The collective income of the millions that are employed alongside the remittance have a huge impact on a small economy like Ethiopia. If we aren't mistaken the economy just doubled within the past five years and now stands close to $50 Billion. But also, Microsoft founder Bill Gates is worth $50 billion, but imagine this, if he spent $5 billion per year, five years from now he will be worth $25 Billion, We don't think Bill Gates would be happy with that. That means on average the Ethiopian economy was generating $5 billion additional worth of production per year for the past five years. If we are lucky enough like S.Korea, China, Taiwan, Brazil, by 2018 Ethiopia's Economy could be producing $75 billion or a Trillion Birr worth of goods and services.

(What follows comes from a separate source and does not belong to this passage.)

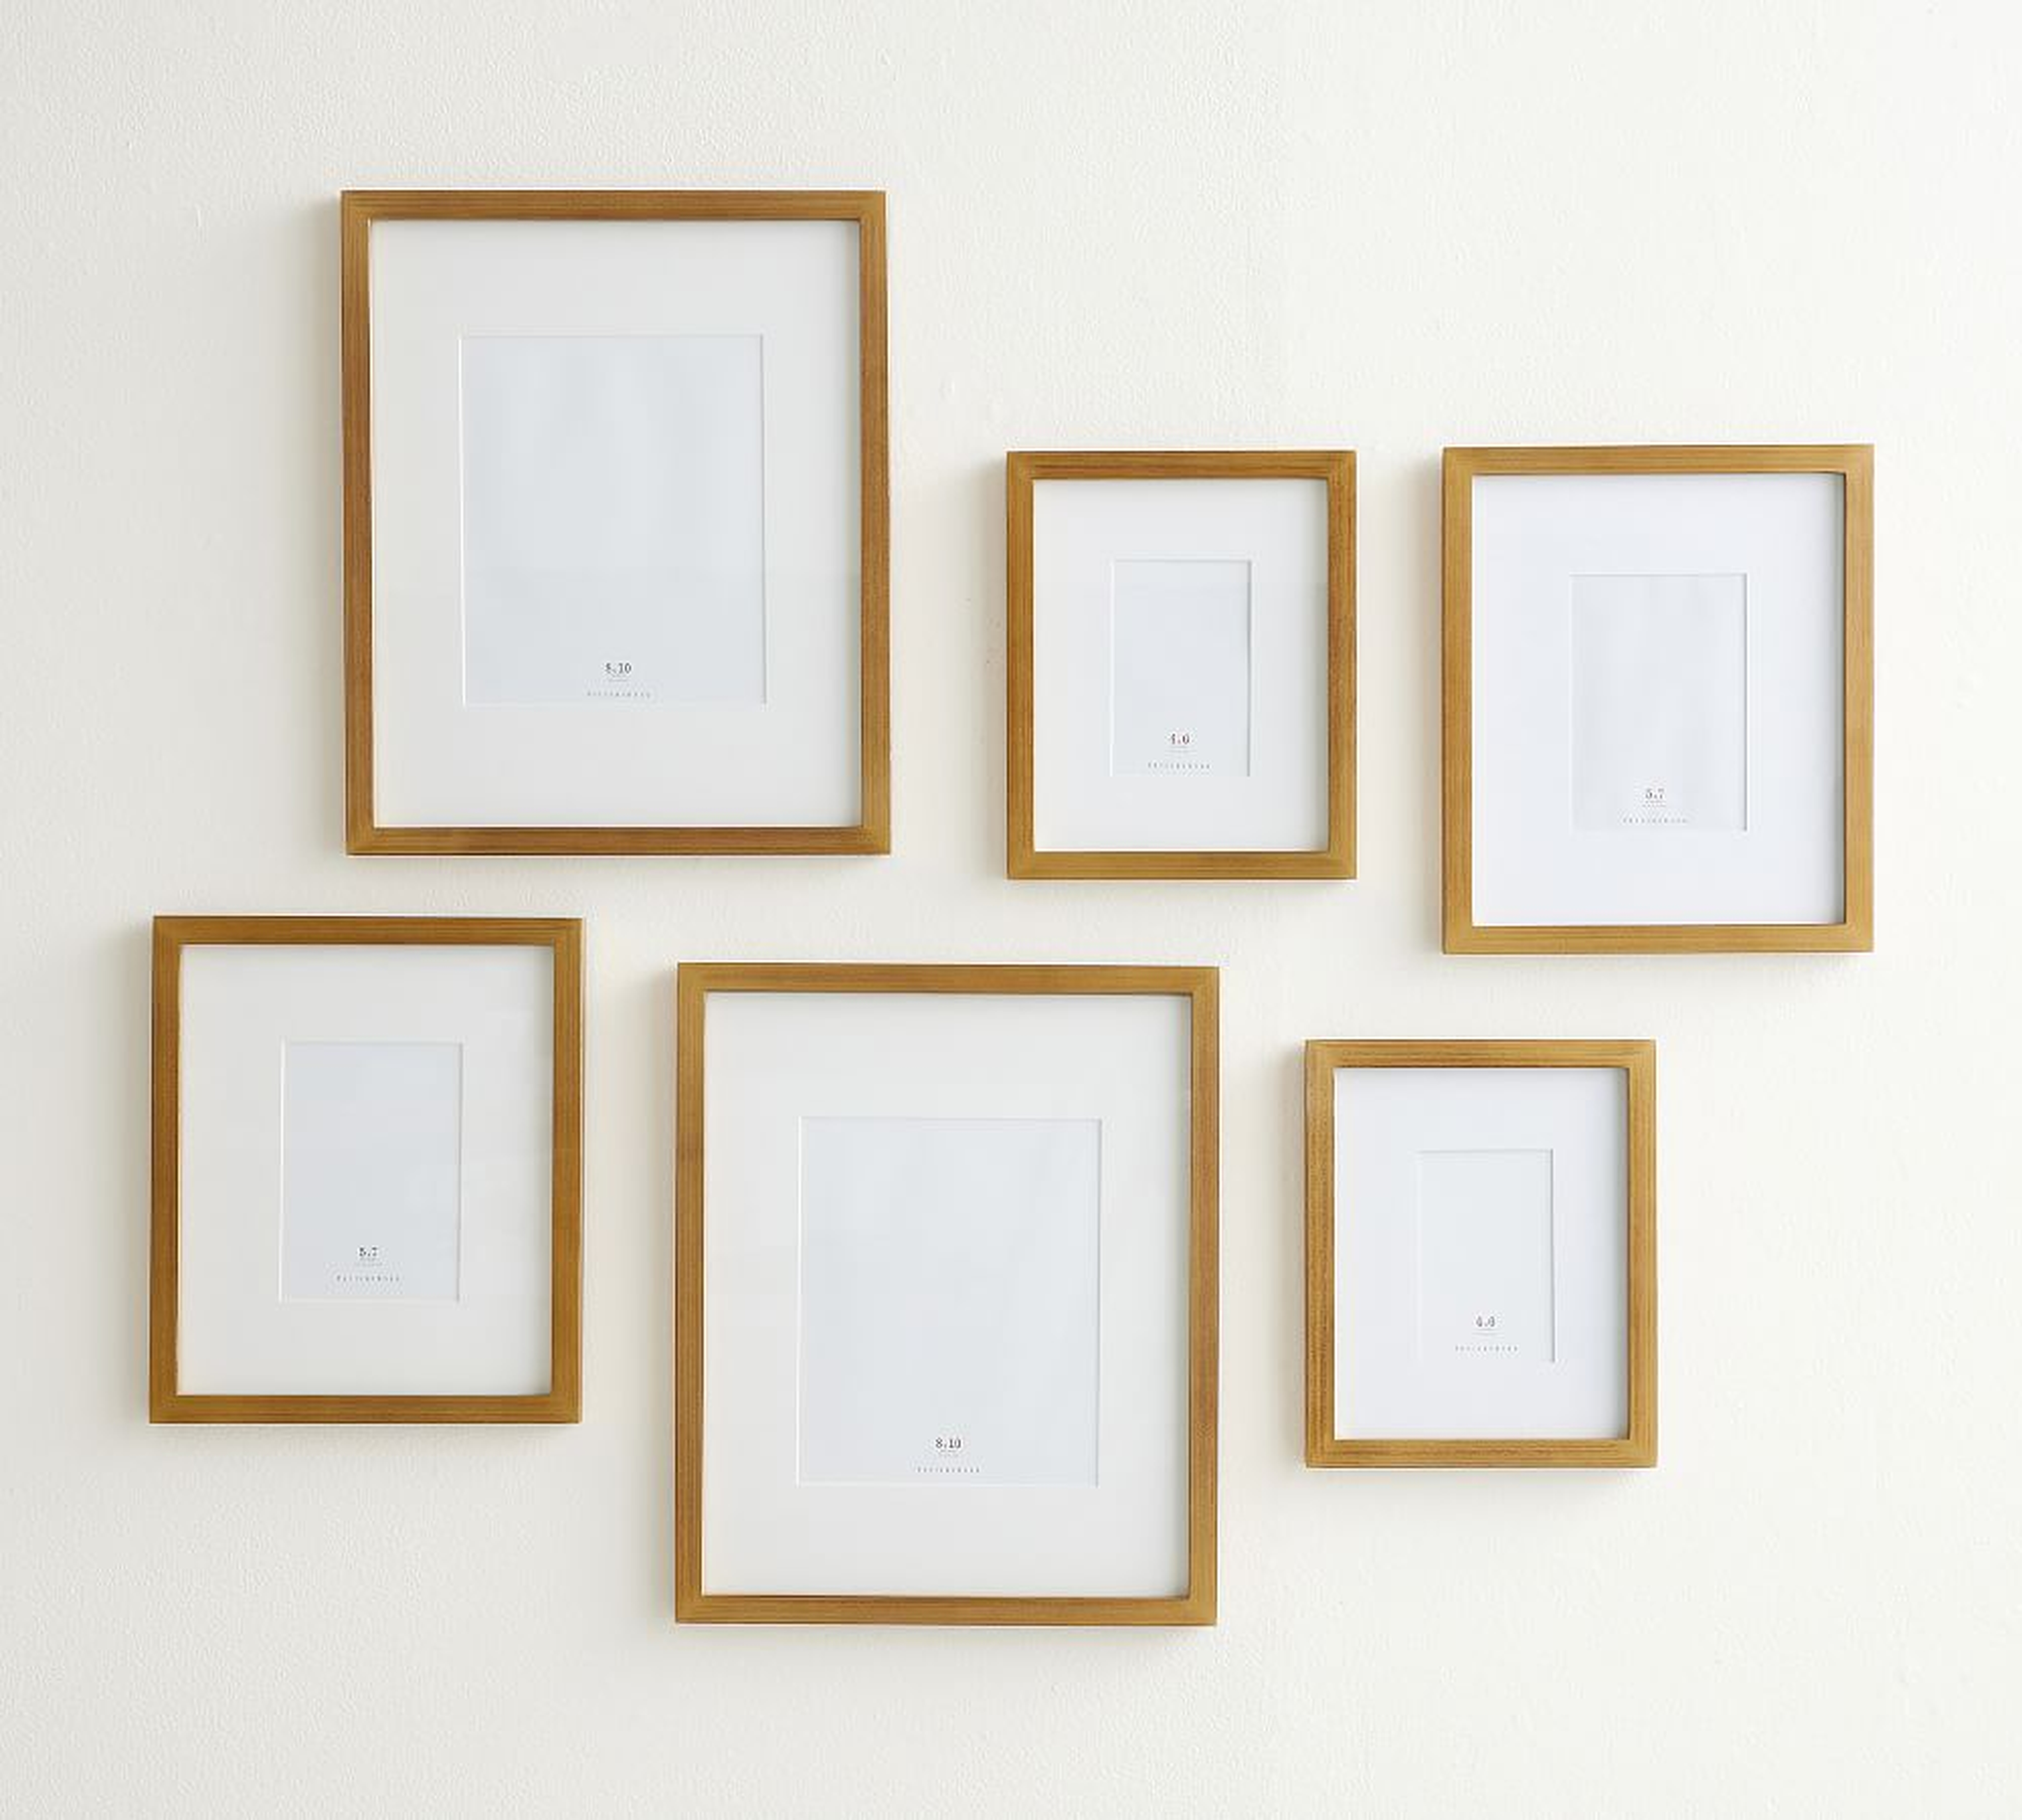 Gilt Wood Gallery Frames in a Box, Gold, Set of 6 - Pottery Barn

Unless we produce more and flood the market, we wont be able to afford much of anything. A classic example is cement, when we left Addis Ababa in 2002, a bag of cement was no more than 50 ETB. As soon as the country began building the necessary infrastructure to accommodate a modern economy the price of cement hit the roof to 500 ETB. We also recall there were only 3 state owned cement factories that couldn't satisfy demand. Today there are 15 more cement factories flooding the market, when the newest factory was inaugurated in February 2012, the price of cement collapsed to 160 ETB. To us, it seems like the Ethiopians are demanding a lot of stuff but aren't yet producing enough to satisfy the demand that exists. Too much money for a small economy chasing few goods. Classic definition of inflation we would say.